Killers of the Sea shows Caswell wrestling and subduing a 12-ft. bottle-nosed killer whale, a gigantic snapping sea turtle, an octopus, a sawfish and a tiger shark. There are many repetitions of the dramatic moment when, spying some deep-sea enemy, Caswell, "The Man of Steel, G-Man of the Deep," rips off his breeches and dives to the attack, knife in teeth. Audiences will guess that some energetic harpooning of the monsters has preceded Caswell's scrimmages: the fish stay on the surface to be photographed in a manner fish seldom consent to unless submergence is impossible due to the fact that they are nine-tenths dead and full of air.

Highlight of the captain's combats is the one with the tigershark, photographed with a man-eater which appears to be dead. But the spirit of engaging fakery animating Killers of the Sea has a happier embodiment in the octopus sequence. This time ''the man of steel" rescues his buddy, a diver, bogged down by a devilfish, his airline severed by a turtle's bite. Caswell swims down several fathoms and dispatches the devilfish, slitting its ink sac with one blow of his trusty fish knife. Lowell Thomas explains that the captain's baldness is the result of a skull slash by a deep-sea monster, but makes no effort to analyze why the captain swims so awkwardly or why "a man of steel" should keep himself so plump. Killers of the Sea contains some really good shots of a white man and a Negro in a dory being towed and finally upset by a huge blackfish which they have harpooned.

Call It a Day (Warner) is an amiable adaptation of Dodie Smith's gentle little comedy about one spring day in the life of the Hilton family.

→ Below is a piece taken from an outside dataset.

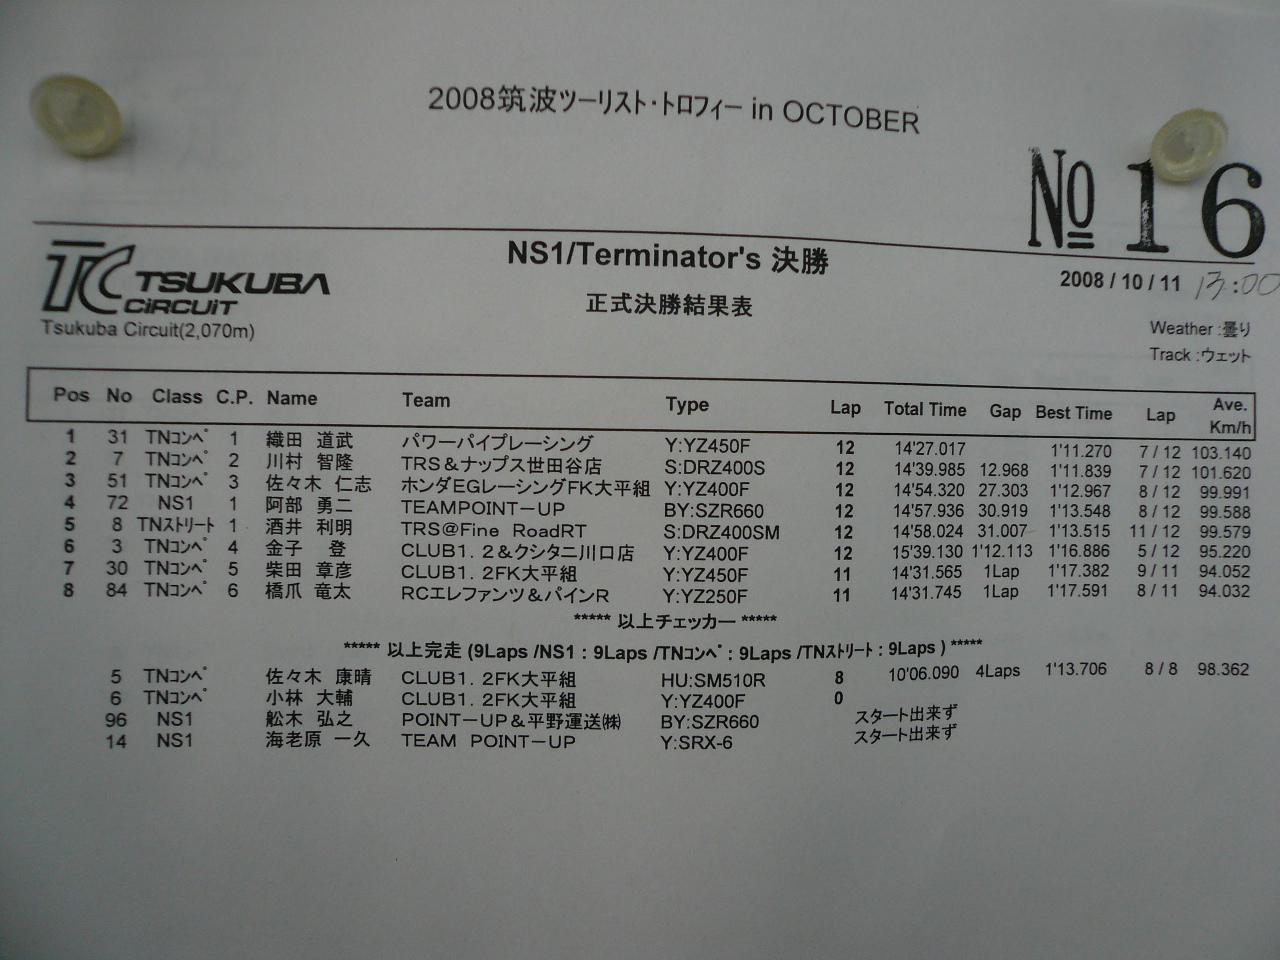 http://img.blogs.yahoo.co.jp/ybi/1/13/f5/tetsutaro499/folder/1580910/img_1580910_44649232_2?1223735396

In the class of dramaturgy which depends upon making much of trifles, Call It a Day is about the last possible refinement. Not only does nothing actually happen in the story but the fact that at its end the Hiltons are exactly where they were at its beginning constitutes its denouement. This is because, in the interim, each has been touched, lightly as by the warm March wind, by currents in life that invite or threaten change. Seventeen-year-old Catherine (Olivia de Havilland) has fallen in first love with the artist who is painting her portrait. Her brother Martin (Peter Willes) is interrupted in planning to run away from home by an invitation to dinner from the girl next door (Anita Louise). Roger Hilton (Ian Hunter), a diligent and prosperous accountant, has had a first-rate chance for extramarital adventure with an actress. Dorothy, his wife (Frieda Inescort), has received an equally alarming proposal from her best friend's brother, Frank Haines (Roland Young).